* **Your assignment**: Apart from the pictures, every line below is to be set down exactly.

* **Recorded information**:
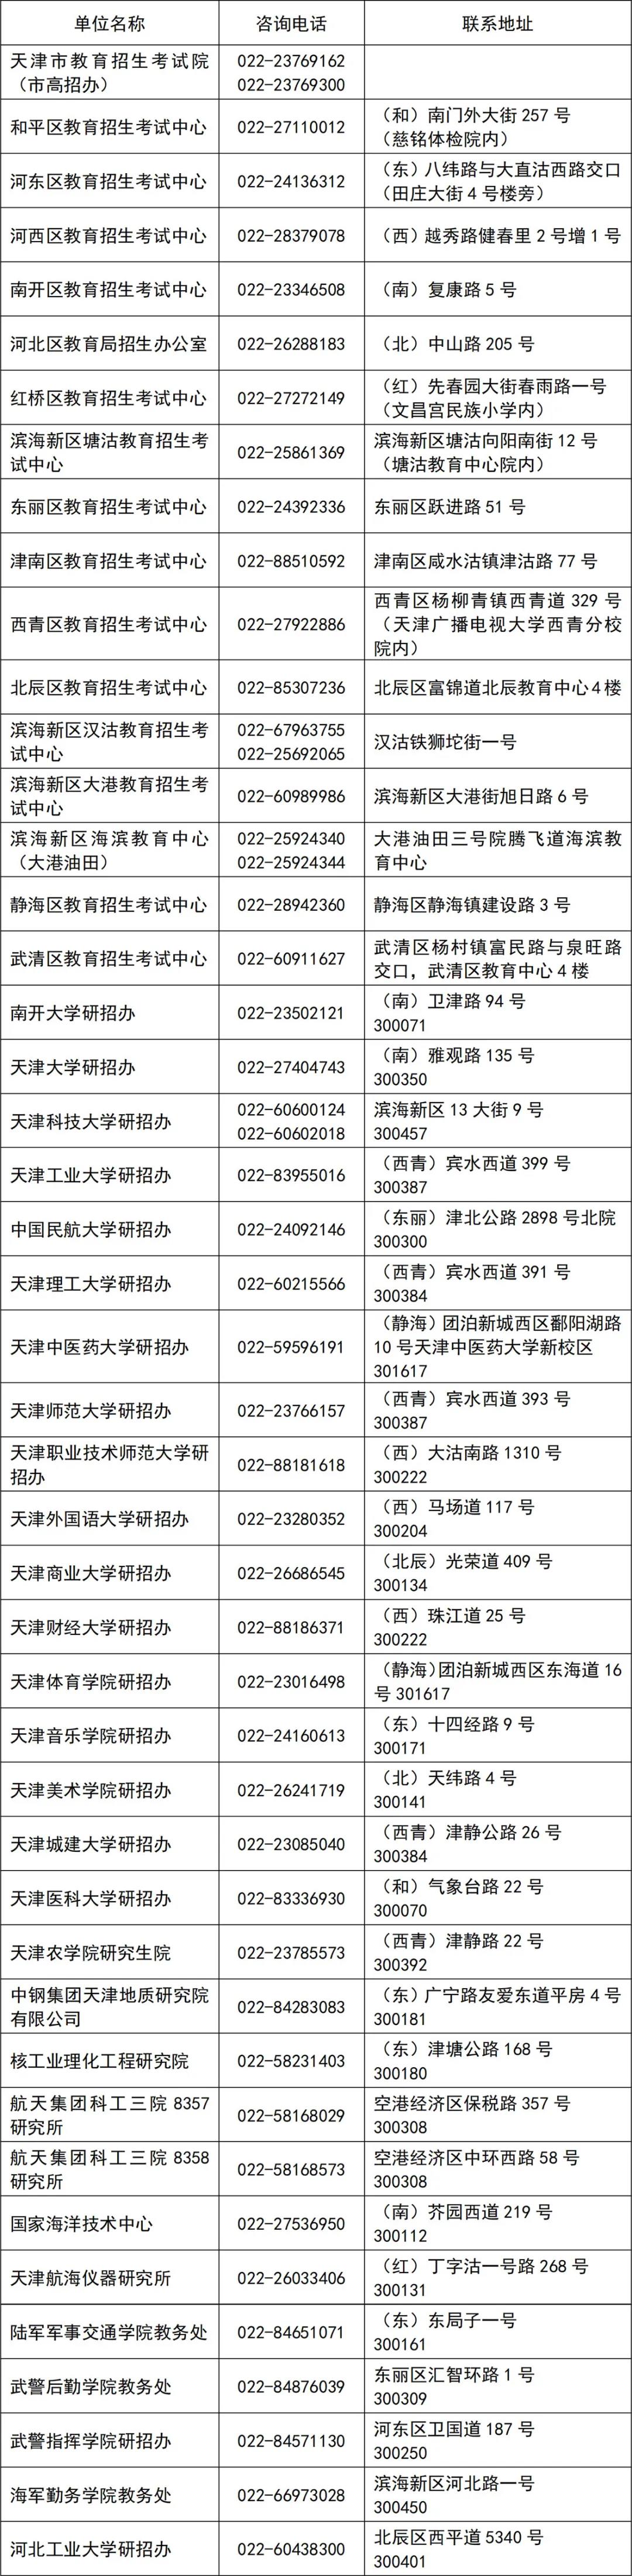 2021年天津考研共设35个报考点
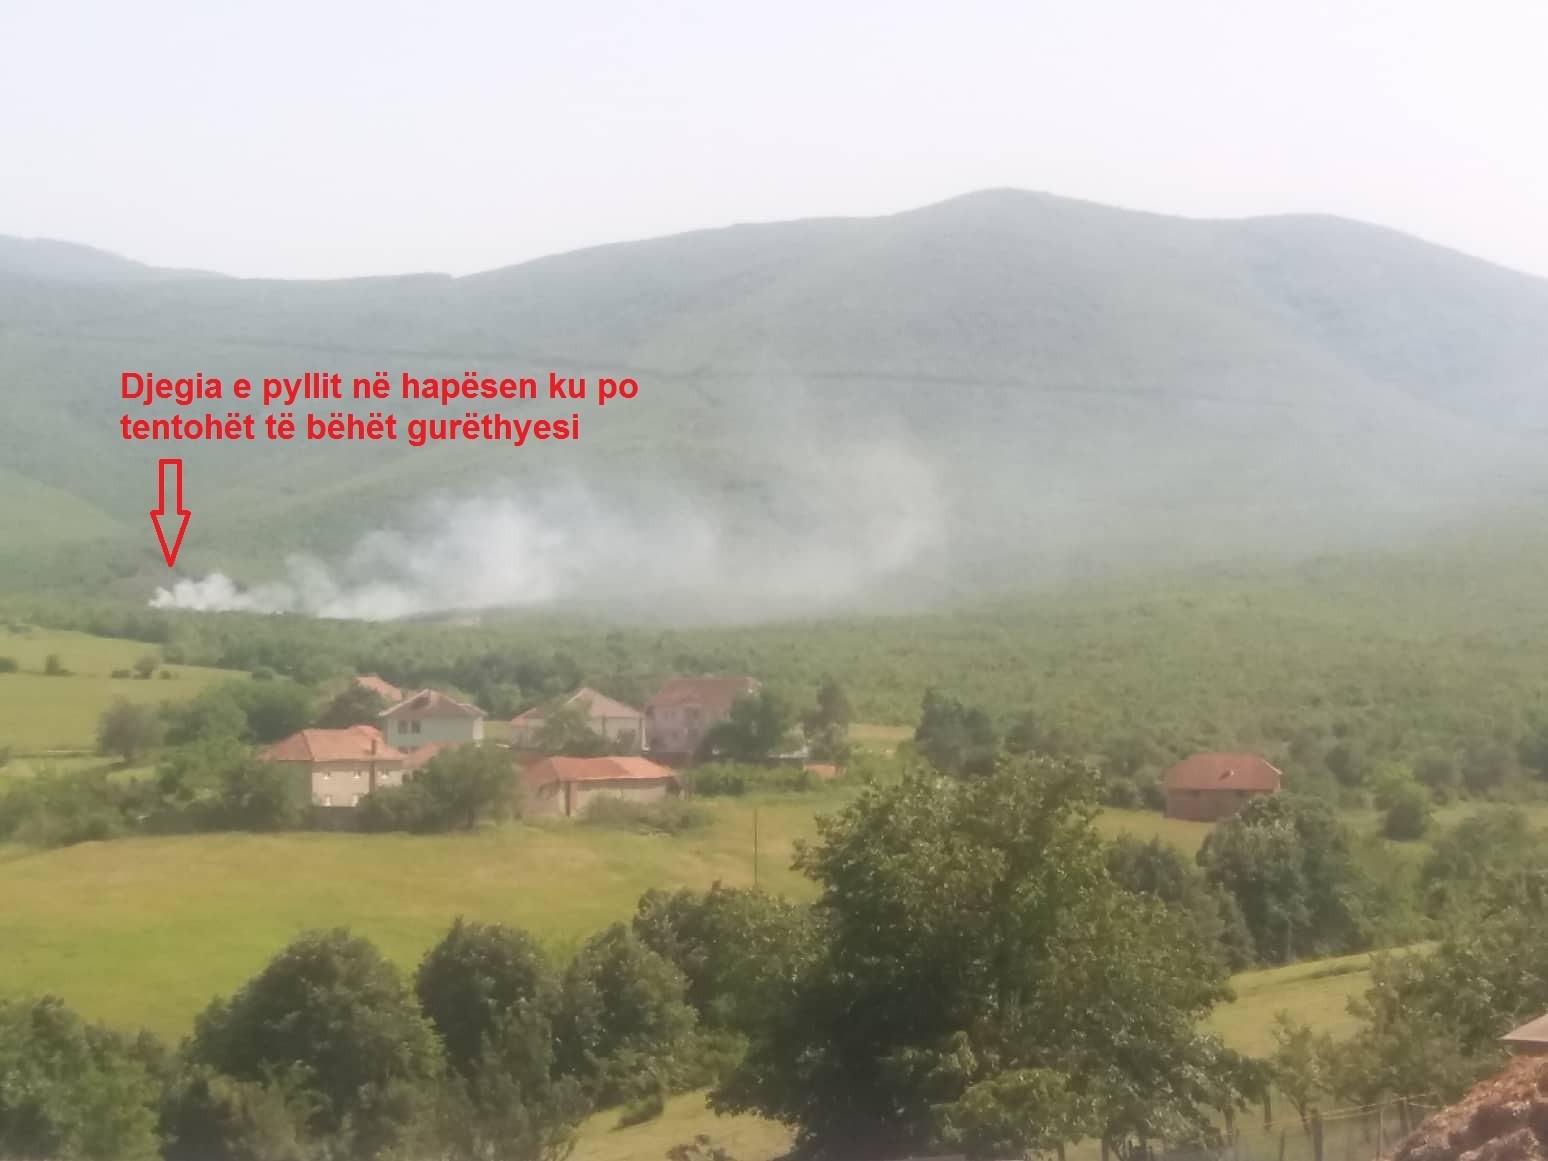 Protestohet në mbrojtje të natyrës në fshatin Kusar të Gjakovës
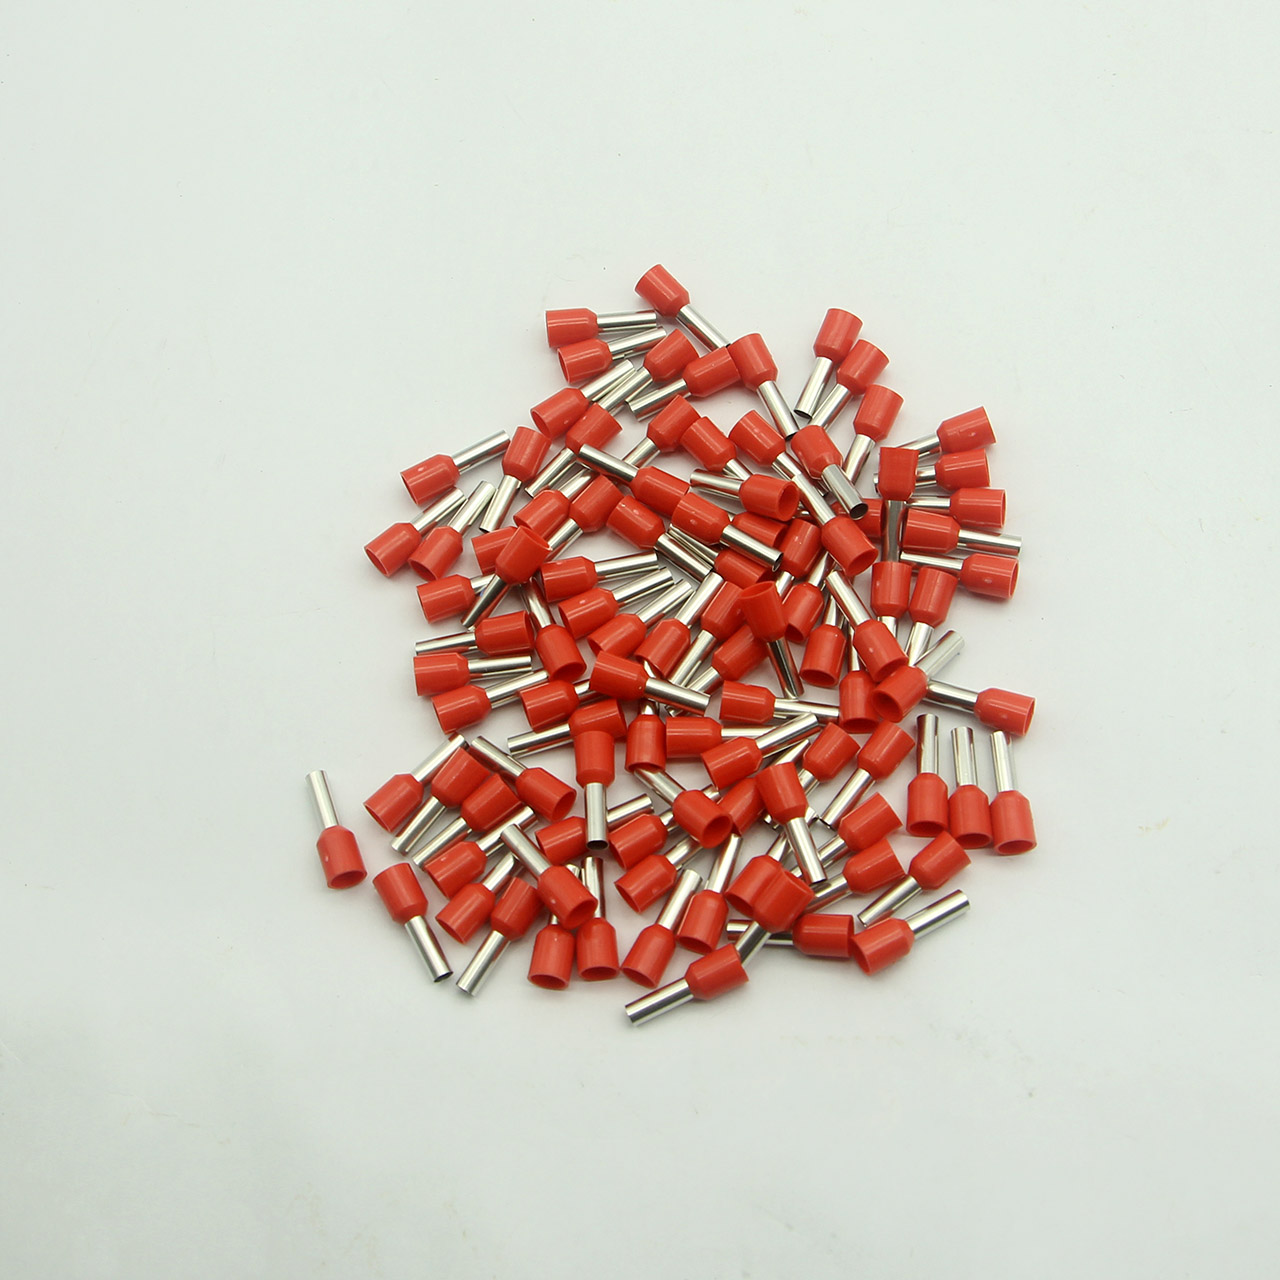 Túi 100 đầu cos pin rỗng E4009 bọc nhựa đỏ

* **Response below**:
 2021年天津考研共设35个报考点
 Protestohet në mbrojtje të natyrës në fshatin Kusar të Gjakovës
 Túi 100 đầu cos pin rỗng E4009 bọc nhựa đỏ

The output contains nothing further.